We’re already seeing some franchisees from other brands that are interested. Might be an Arby’s franchisee that does Baskin-Robbins and vice versa. We’re seeing some synergies there, and I think it’s going to help with the development of all of the Inspire brands. In the first month after we were acquired, we consolidated the media buying between all of the Inspire brands and we were able to save a significant amount on our media purchases at Baskin-Robbins. And instead of saving that money or putting it back into the ad fund, we invested in incremental media. It began to show benefits immediately. So some great news there.
Is this climate ripe for growth?
I do think the current environment has created a lot of opportunities. We are seeing some excitement from our existing franchisees and getting more new franchisees than we’ve ever seen before. The brand is also investing alongside our franchisees. So we have some incredible development incentives, where we’re providing cash or royalty incentives to our franchisees.
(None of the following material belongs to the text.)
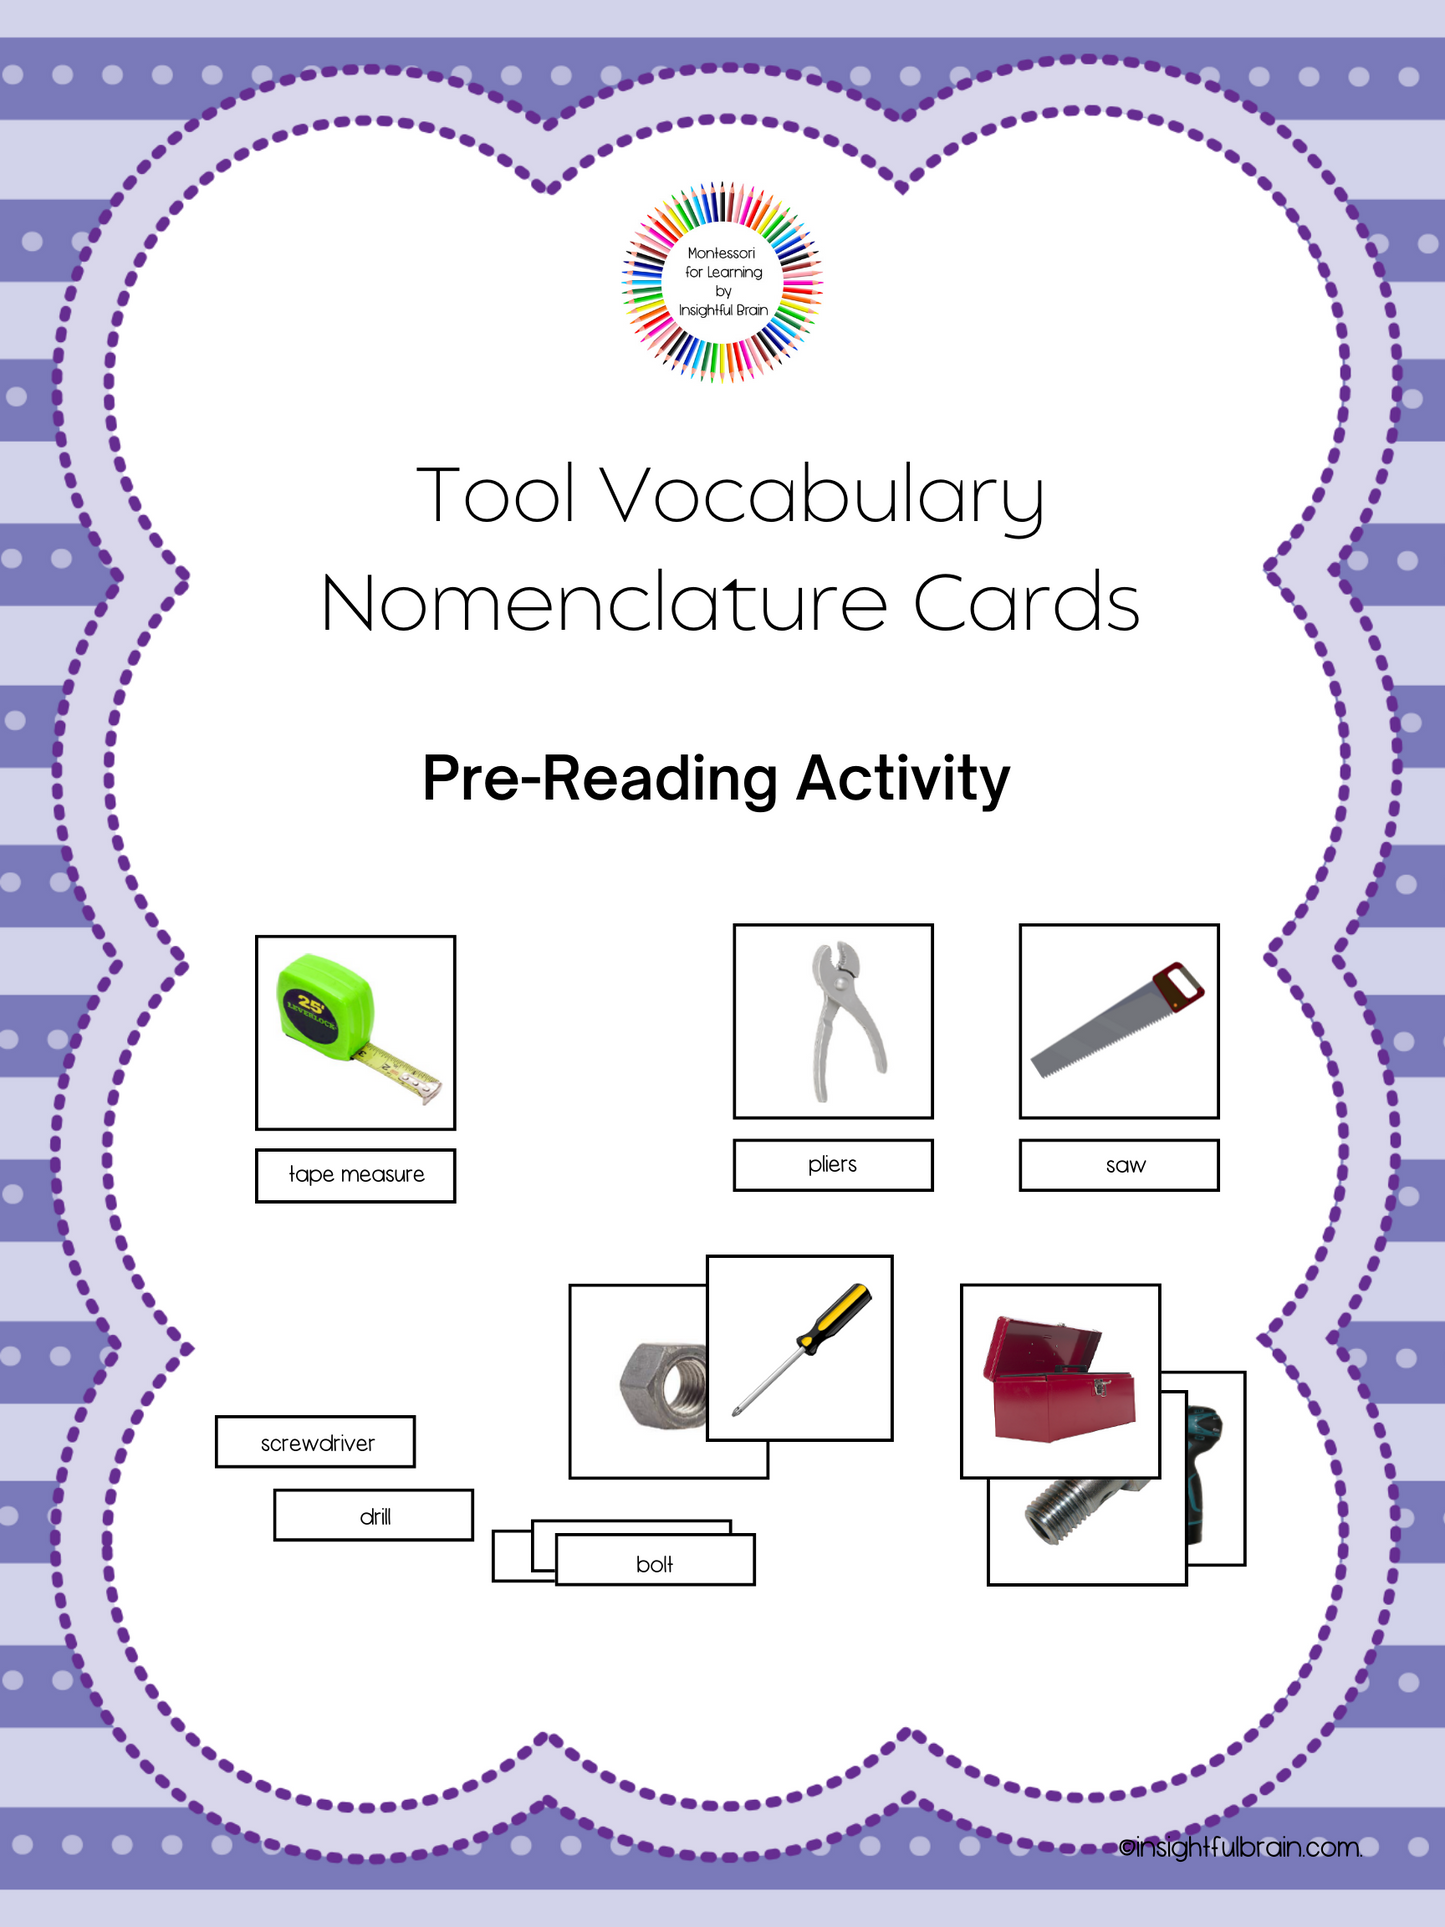 Tool Vocabulary Nomenclature Cards

We’ve actually seen an uptick in signings and letters of intent. It is a great atmosphere. The other thing, and what I feel is the most important part of franchising and most important part of the story, is franchisee unit-level economics at the store level. We’ve seen, along with all the success over the past couple of years in sales, significant increases in the unit-level economics of our stores. That’s certainly going to help when we’re out looking for new franchisees.
One thing that’s amazing is I get a lot of new franchisees out of our stores. General managers, store managers that have decided they want to get into the business. And what a better testament to the brand than someone who has worked there for five or 10 years as an employee that’s coming out and either buying the story that they worked out or building new stores? We’ve had a significant amount of those over the last couple of years as well.